La seconda valutazione è come categorie come “dolce” e “amaro” siano del tutto soggettive. Non sta scritto da nessuna parte che una molecola sia dolce oppure amara, o meglio: sta scritto solo nei geni di ciascuno di noi, ed è un codice che la natura può riscrivere in qualunque momento.

La rapidità di risposta di Blattella germanica è stata davvero stupefacente, ed inquietante. La minaccia che le arrivava dall’utilizzo dei gel alimentari avvelenati era grave, e la contromisura è stata quasi di certo favorita dall’esistenza di un gene “contrario” al glucosio, già presente in forma marginale nelle popolazioni selvatiche. Il fatto che non si sia dovuta attendere una mutazione genetica stabile, ma che sia bastato selezionare una forma già esistente, ha reso il processo evolutivo rapido e leggibile già dopo pochi anni.

Altri meccanismi evolutivi sono sicuramente stati selezionati, in questo e negli scarafaggi, nel corso di periodi più lunghi a disposizione. La modalità di deposizione delle uova, le esigenze di alimentazione, le abitudini di spostamento e soprattutto la spiccata preferenza per il buio, pur presenti anche in blatte selvatiche mai state commensali dell’uomo, possono avere subito una pressione evolutiva, per difendersi da noi e dalle contromisure abbiamo via via preso contro questi insetti. Ora i nostri metodi di disinfestazione sono senza dubbio molto calibrati, e in certe aree adottati in modo sistematico. Tuttavia il caso mostrato da Blattella germanica ci ricorda come i protocolli debbano essere sempre aggiornati, e possibilmente non monolitici.

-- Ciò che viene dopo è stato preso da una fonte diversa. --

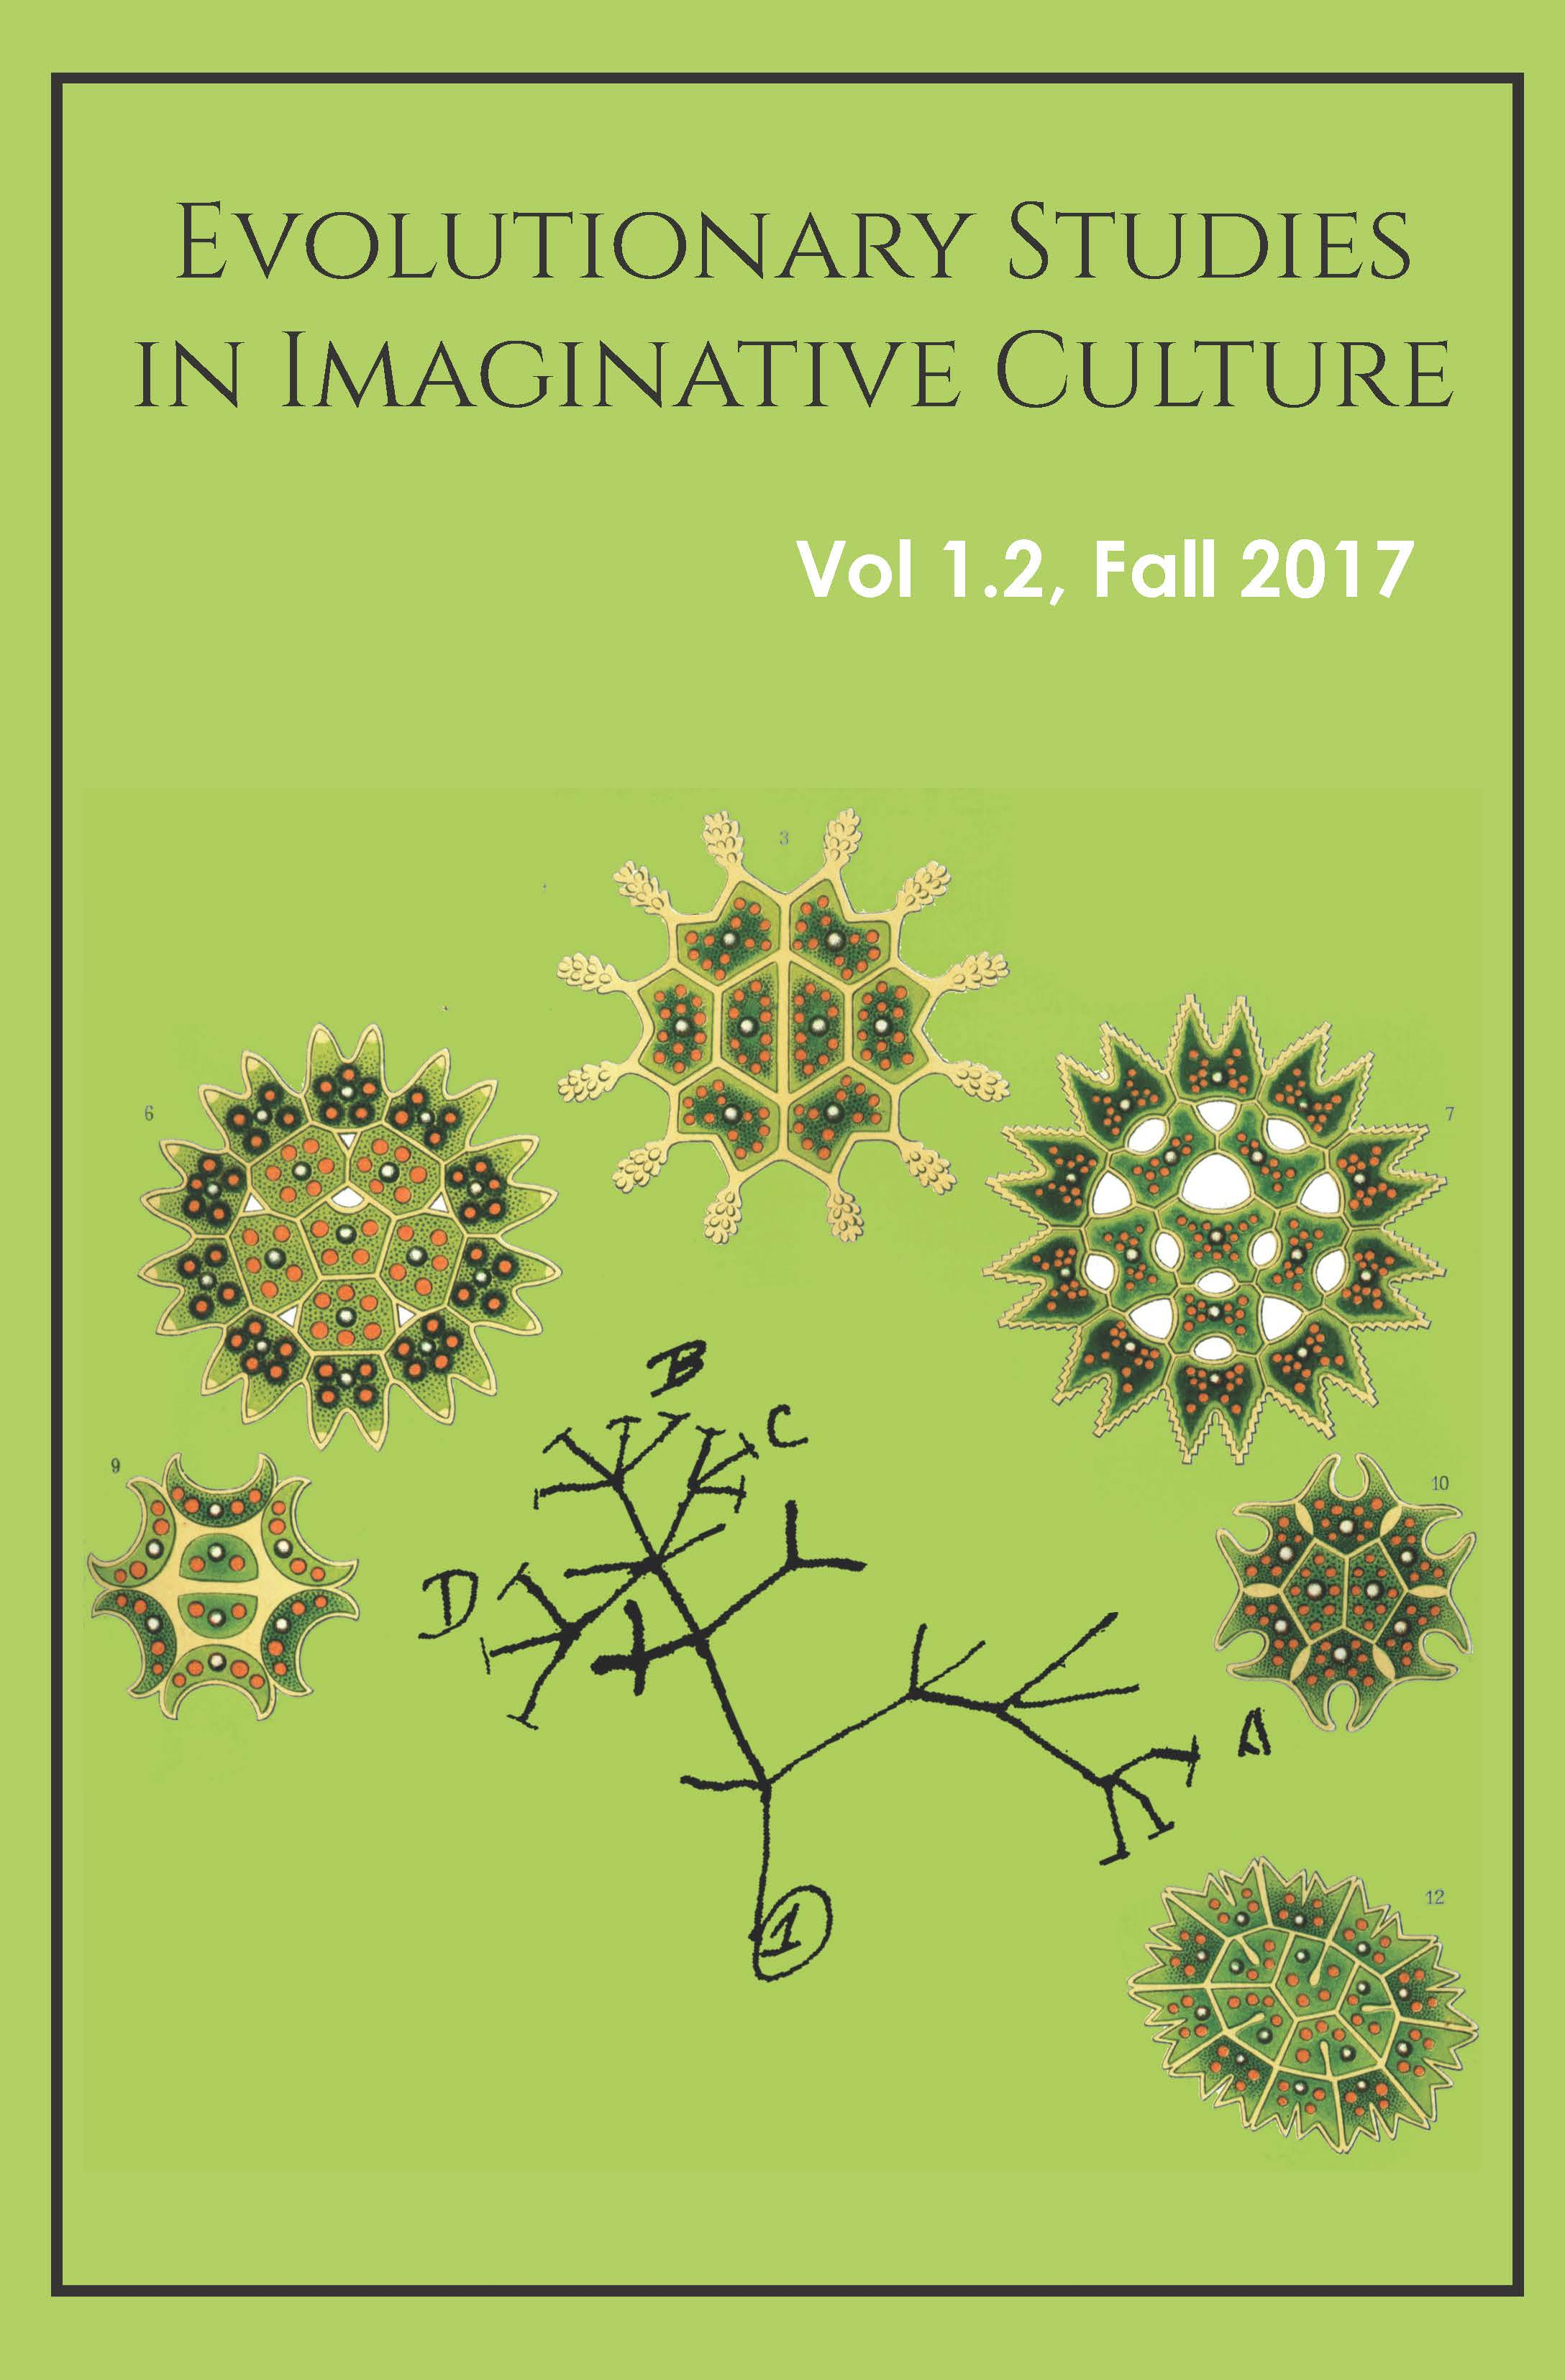 ESIC Cover 2.jpg

PRONTI AD INCONTRI CON AVVERSARI AGGRESSIVI

A proposito di Dispositivi di Protezione Individuale, una categoria molto particolare si può considerare riservata ai disinfestatori. Alcuni animali dei quali infatti ci occupiamo non sono affatto inoffensivi.

Abbiamo accennato la scorsa settimana al possibile morso dei ratti. Anche durante il più noioso controllo di derattizzazione, anche se è molto difficile, è comunque possibile imbattersi in un roditore vivo, sicuramente spaventato ed aggressivo. Si tratta di un’eventualità remota, ma potenzialmente pericolosissima. Un professionista degno di questo nome, dovrebbe essere preparato a questa evenienza. I guanti anti-taglio, lo abbiamo già detto, sono la prima e necessaria difesa in quest’ottica. Anche con i guanti, tuttavia, se d’improvviso ci troviamo un ratto a pochi centimetri dalle dita, è umano e istintivo fare un salto all’indietro. Una scena simile però, al cliente che ci vede, farebbe una cattiva impressione. Meglio quindi imparare una serie di gesti automatici, che impediscano di sorprendere un ratto o un topo e soprattutto, di farci sorprendere da esso: apriamo il contenitore di esca in modo da offrirgli un’eventuale via di fuga che non siano le nostre mani; annunciamo il nostro arrivo muovendo il contenitore stesso, o facendo rumore.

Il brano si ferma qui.